Anthropic killed the flat-rate subsidy that powered most agent SDK workloads, Vercel's 200K-team production data confirms 59% of tokens are now agentic multi-turn traces, and three training-efficiency results (2-17x) landed in the same week — meaning your cost model, your eval harness, and your training budget are simultaneously stale, with a June 15 deadline on the first, an already-shipping reality on the second, and a 4:1 GPU demand ratio making the third increasingly urgent.

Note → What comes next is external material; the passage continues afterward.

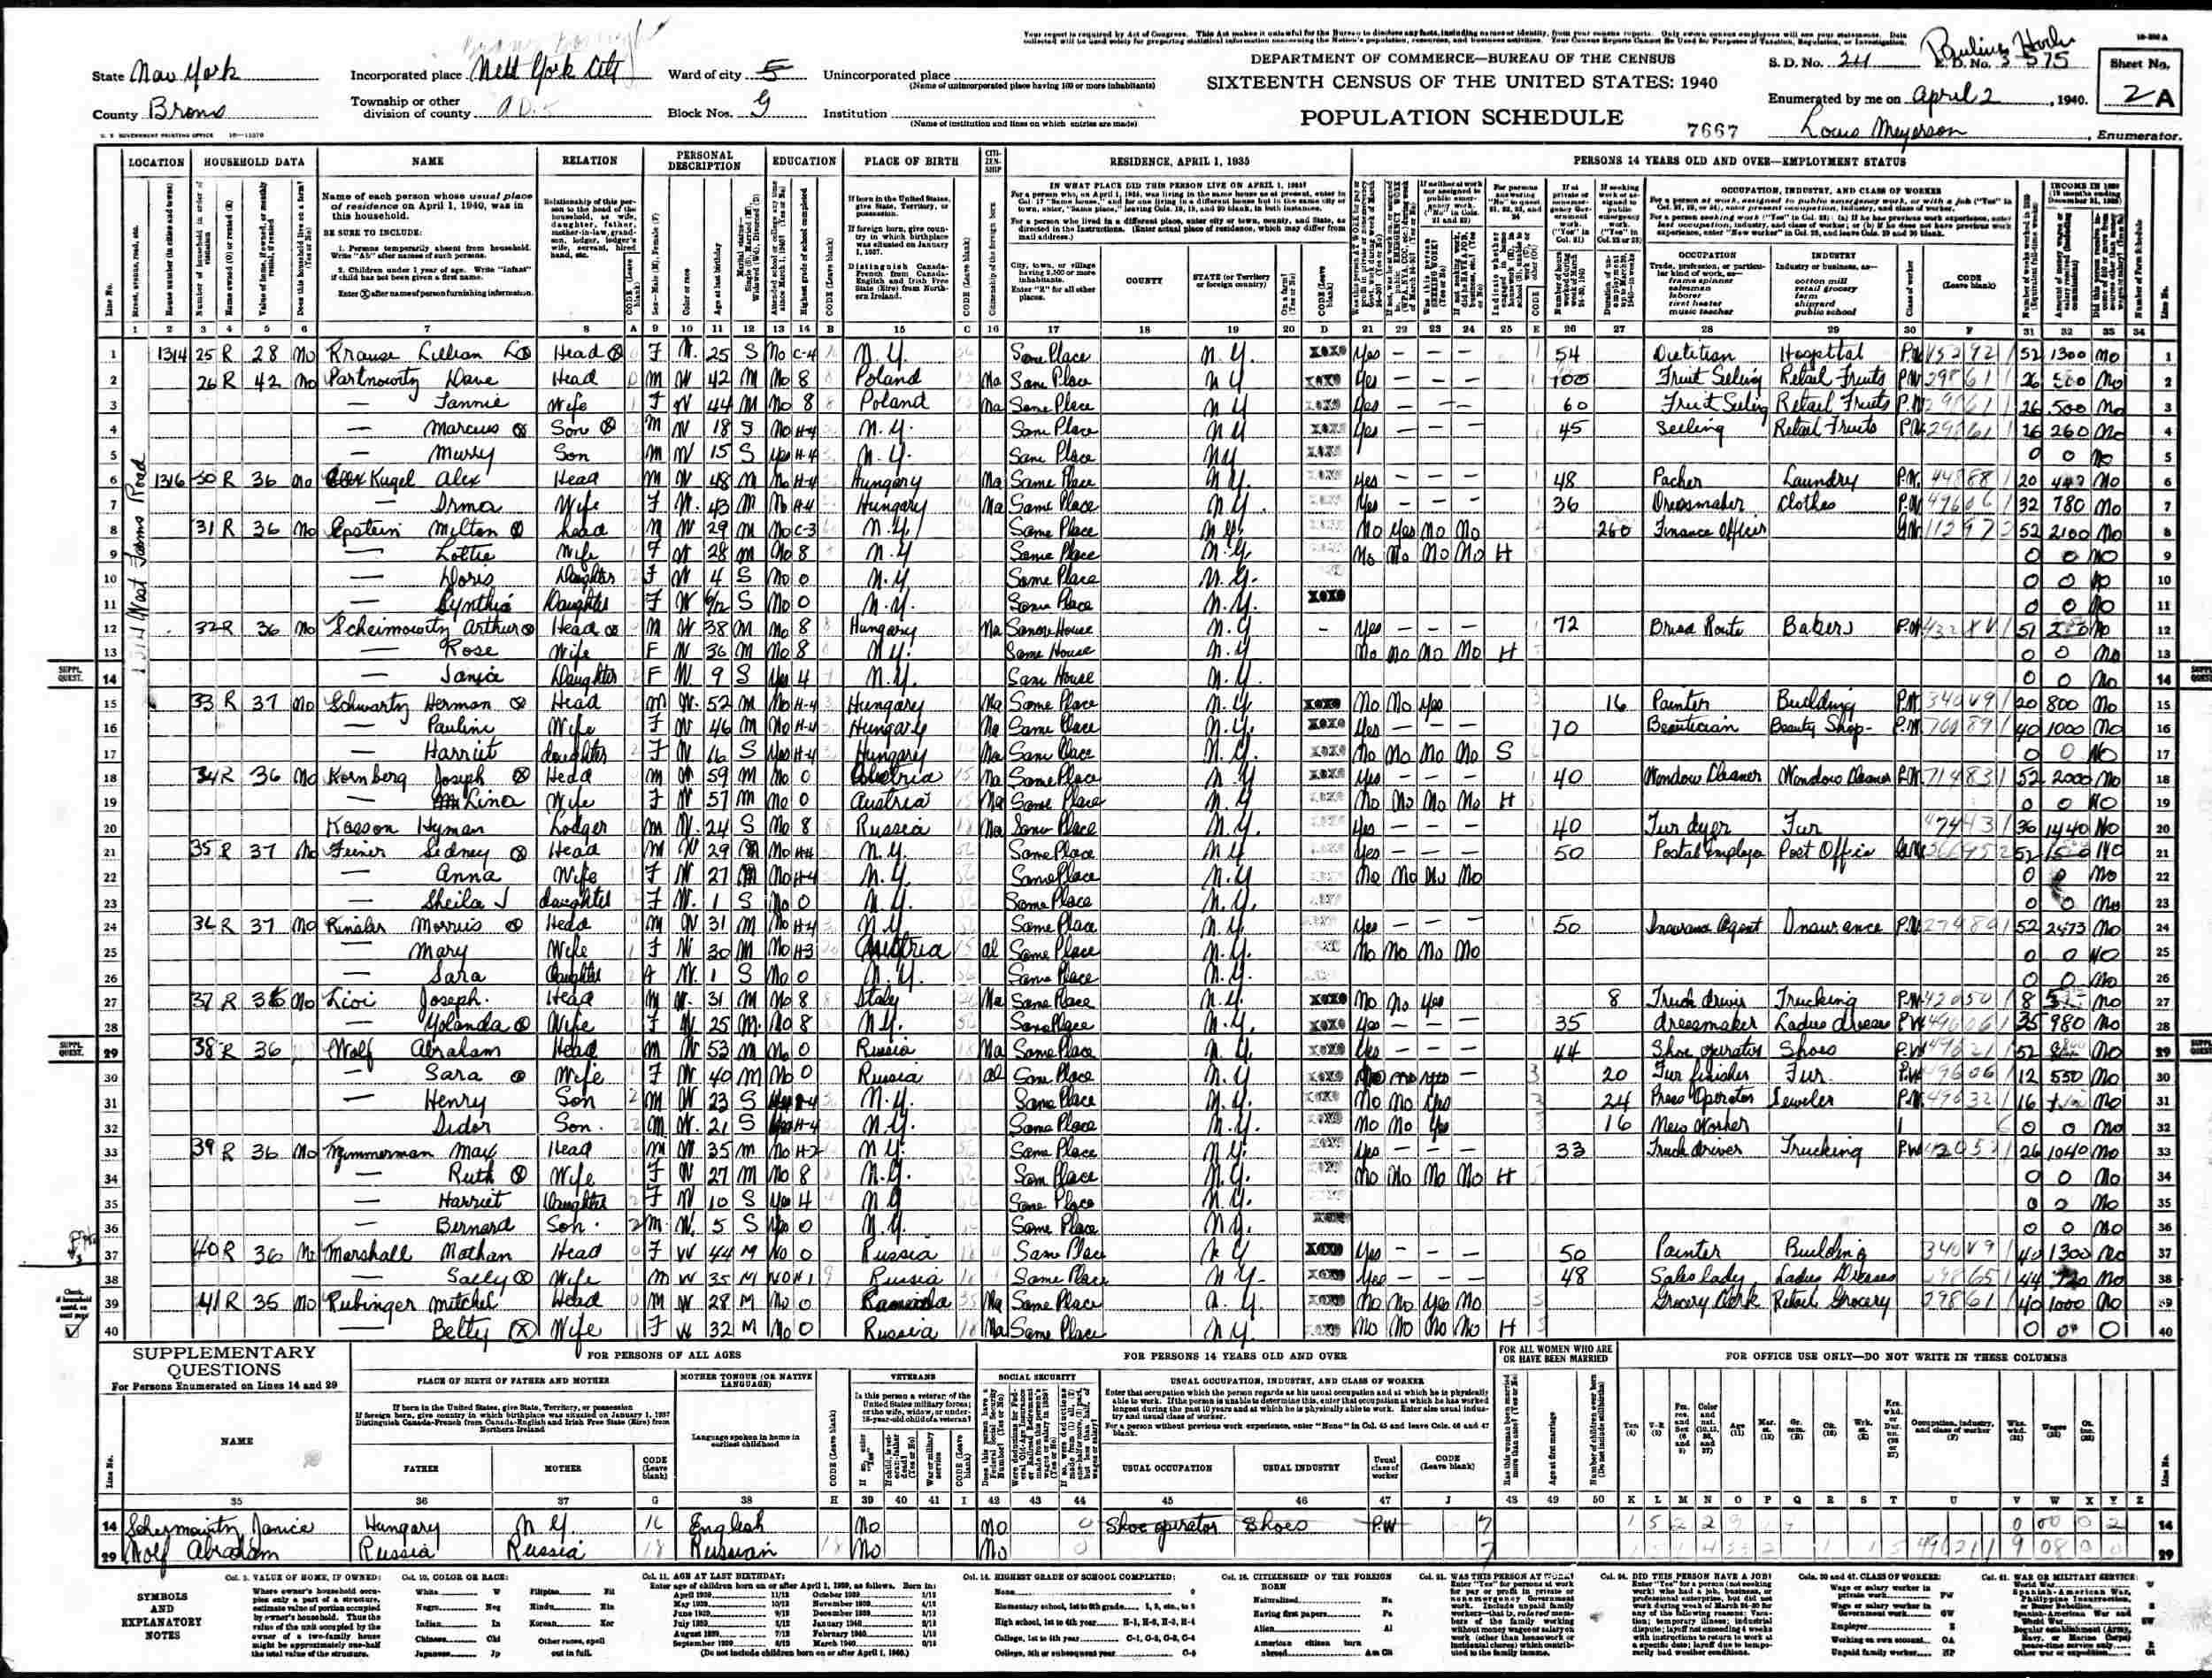 1925 new york census column 12

— Promit, reading as Data Science ·

Frequently asked

How do I project token burn under Anthropic's new metered pricing before the June 15 cutoff?
Audit every Claude-backed workload — Agent SDK, claude-p, GitHub Actions, batch evals, and third-party harnesses like Conductor, Zed, or OpenCode — and re-price their token volume at list API rates, since the 70-90% subsidy from Max plans is gone. Because Anthropic ships no native per-user or per-tool attribution, deploy an LLM gateway like LiteLLM or Portkey with per-feature tagging and daily budget alerts within two weeks. ServiceNow burned its full-year Claude budget by May without this visibility.
Why are single-turn evals no longer sufficient for production agents?
Vercel's gateway data across 200K teams shows 59% of all tokens are now agentic multi-turn traces with roughly 15:1 input-to-output ratios, versus the 3:1 most cost models assume. Single-turn accuracy benchmarks measure the minority of production traffic and miss tool-call precision, steps-to-completion, cost-per-successful-task, and error recovery — the metrics that actually drive agent unit economics. Cost forecasts built on last year's ratios are off by roughly 5x on spend.
Which training-efficiency result should I spike first, and which should I wait on?
Spike Nous Research's Token Superposition Training first: it claims 2-3x wall-clock speedup at matched FLOPs from 270M through 10B-A1B MoE scale with zero inference-time architecture change, so a successful 1B continued-pretraining replication compounds across every future run. Datology's curation result (+11.7 points at 17x less compute on VLMs) is the second priority. Wait on NVIDIA Star Elastic's 360x family-production claim until an independent lab confirms even 30x — headline numbers in that range routinely shrink 5-10x under outside eval.
If the same model yields 271 bugs for one team and 1 CVE for another, how should that change model-vs-harness investment?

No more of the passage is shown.